Пытка началась. Комнату огласили душераздирающие крики, но ни в одном из присутствовавших они не могли вызвать сочувствия. Рыцарю не приходилось рассчитывать на жалость: он должен был либо признаться, либо терпеть долгие и мучительные истязания. Но брат Бартоломе даже не знал, какого признания от него требовали: он не чувствовал за собой никакой вины. Его предки обратились в христианство задолго до издания королевского указа об изгнании из Испании всех иудеев. Они крестились по убеждению, а не по принуждению — не ради того, чтобы сохранить кров и имущество, как впоследствии делали многие…
Каждый раз, когда палач ослаблял веревки, прокурор повторял Бартоломе свое требование, но ответом на него неизменно было молчание. Рыцарь не проронил ни слова: жестокие истязания вырывали из его груди лишь нечеловеческие крики и стоны.
Решив сменить орудие пытки, палач оставил свою жертву и подошел к огню. Сняв со стены железный прут, он сунул один его конец в горящую топку и раскалил докрасна. Затем палач вернулся к привязанному к «кобыле» рыцарю и дважды приложил к его груди раскаленное железо. Брат Бартоломе мужественно перенес боль.
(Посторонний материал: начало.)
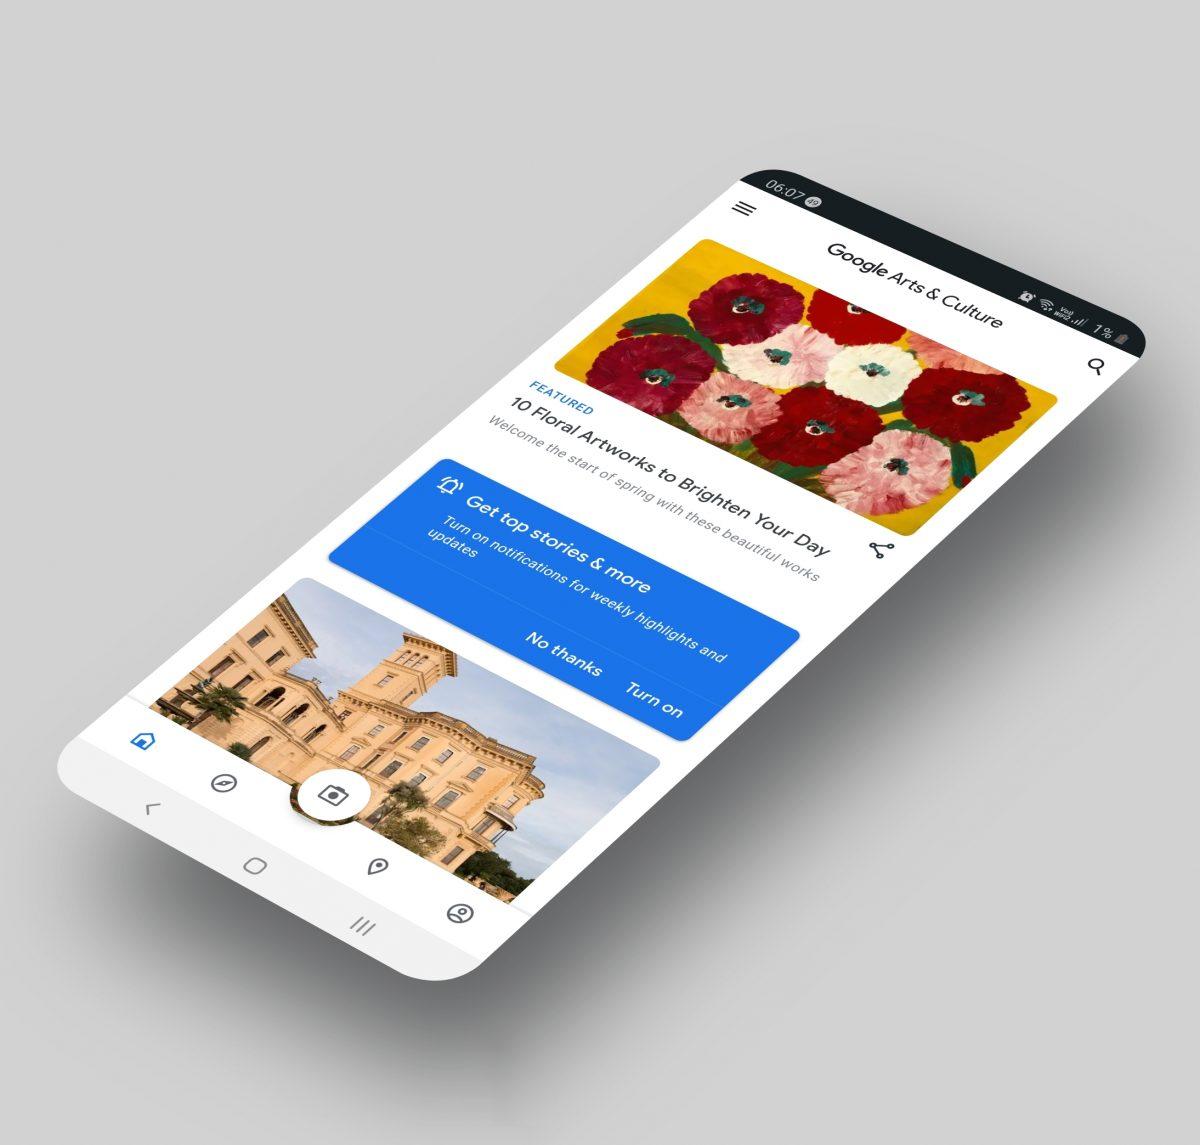 Remember Prisma? Google Arts & Culture app offers a similar feature

Палач был разочарован. Стойкость рыцаря выводила его из себя, и он боялся, что инквизитор останется недоволен его работой. Повесив железный прут обратно на стену, палач взял большие щипцы с заостренными концами и истерзал ими всю руку брата Бартоломе. Однако все было бесполезно: рыцарь по-прежнему не произнес ни слова.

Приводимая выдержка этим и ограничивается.